Of the growth of the American colonies, Winston Churchill offers the following remarks: “The oases of provincial life were linked up. The population was rapidly doubling itself. Limitless land to the West offered homes for the sons of the first generation. The abundance of territory to be occupied encouraged large families. Contact with primeval conditions created a new and daring outlook. A sturdy independent society was producing its own life and culture, influenced and colored by surrounding conditions. The Westward march had begun, headed by the Germans and the Irish in Pennsylvania. The slow trail over the mountains in search of new lands was opening. There was a teeming diversity of human types. In Kentucky and on the Western farms which bordered the Indian country were rugged pioneers and sturdy yeoman farmers, and in the New England colonies assertive merchants, lawyers, and squires, and the sons of traders. This varied society was supported in the North by the forced labour of indentured servants and men smuggled away from the press-gangs in English towns, in the South by a mass of slaves multiplied by yearly shiploads from Africa” (438-439).

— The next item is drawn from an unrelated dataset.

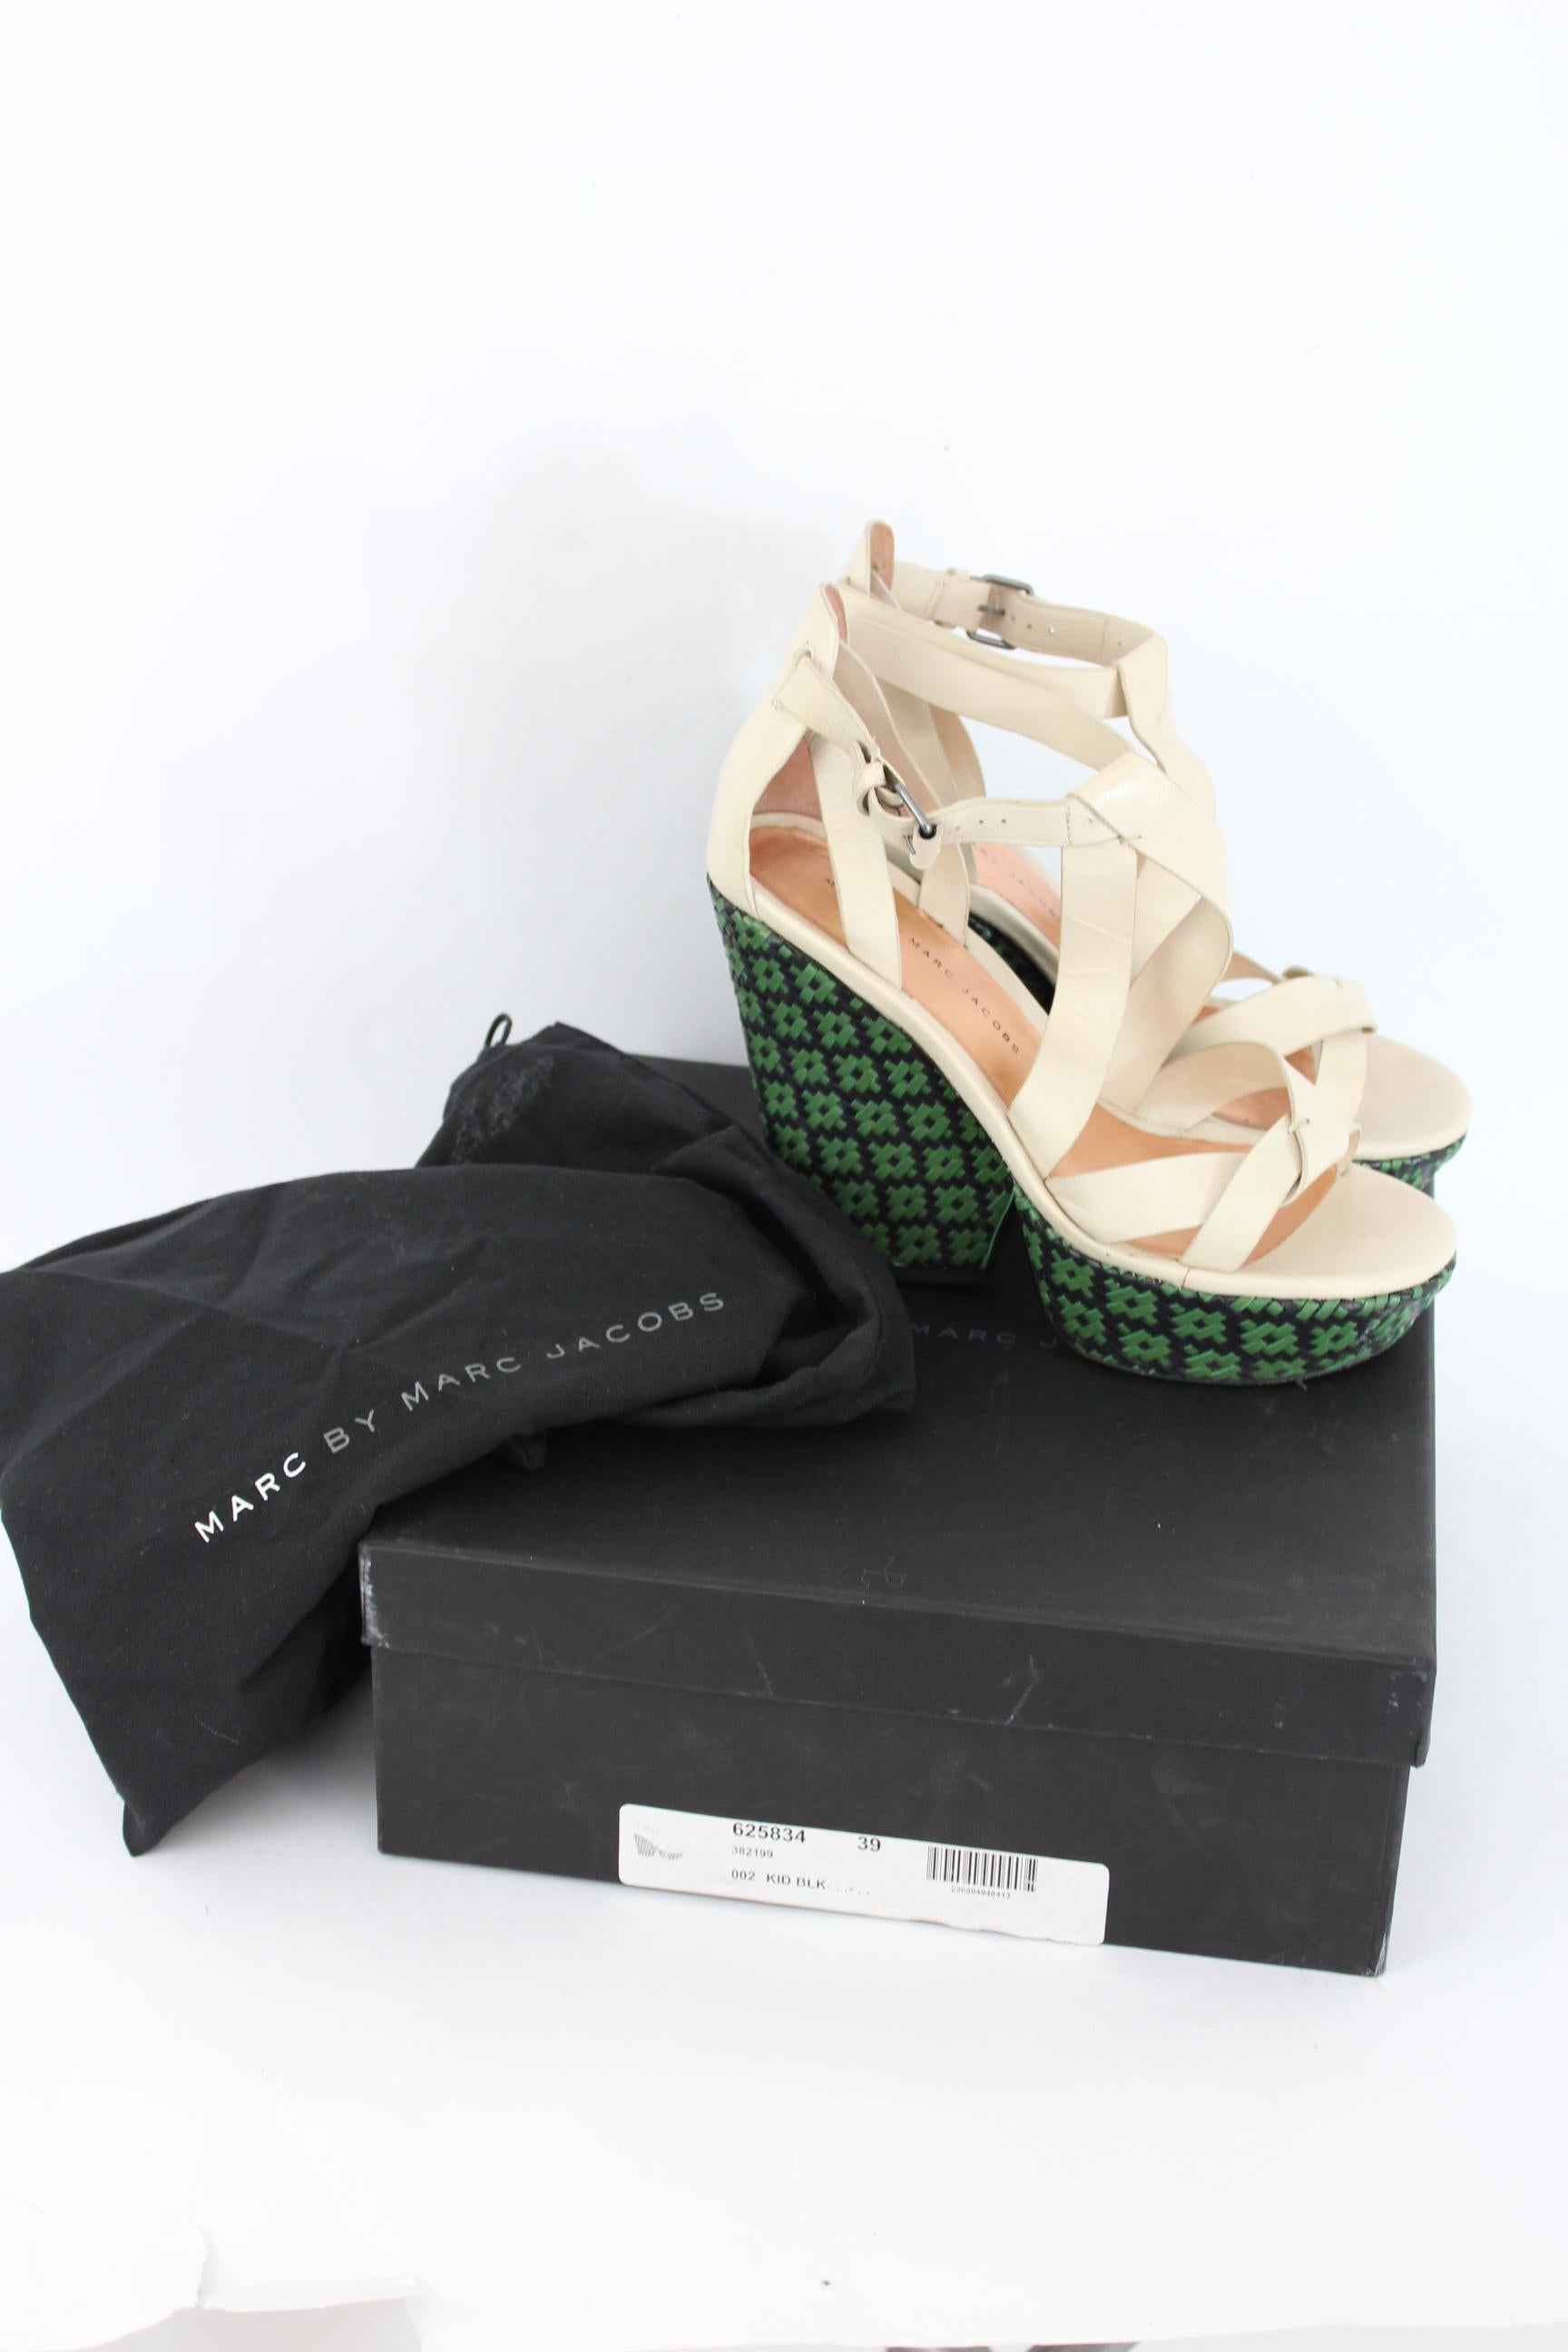 Marc By Marc Jacobs Leather Beige Green Open Toe Sandal Wedge Heel Shoes In Good Condition For Sale In Brindisi, Bt

Before the end of The Seven Years’ War George II met his demise in 1760. It was a morning like any other. He rose and drank his chocolate before heading to the toilet. While he was sitting on the water closet he experienced a sudden and violent rupture of his aortic chamber. It was said that his aorta exploded with such veracity that his attendants thought the king had broken wind. He died moments later, and the gruff and choleric 77 year-old king was succeeded by his fresh-faced, 22 year-old grandson, George III.
For this reading I used Winston Churchill’s essential History of English Speaking Peoples, David Starkey’s Crown and Country, and Peter Ackroyd’s Revolution: The History of England From The Battle of the Boyne To The Battle of Waterloo.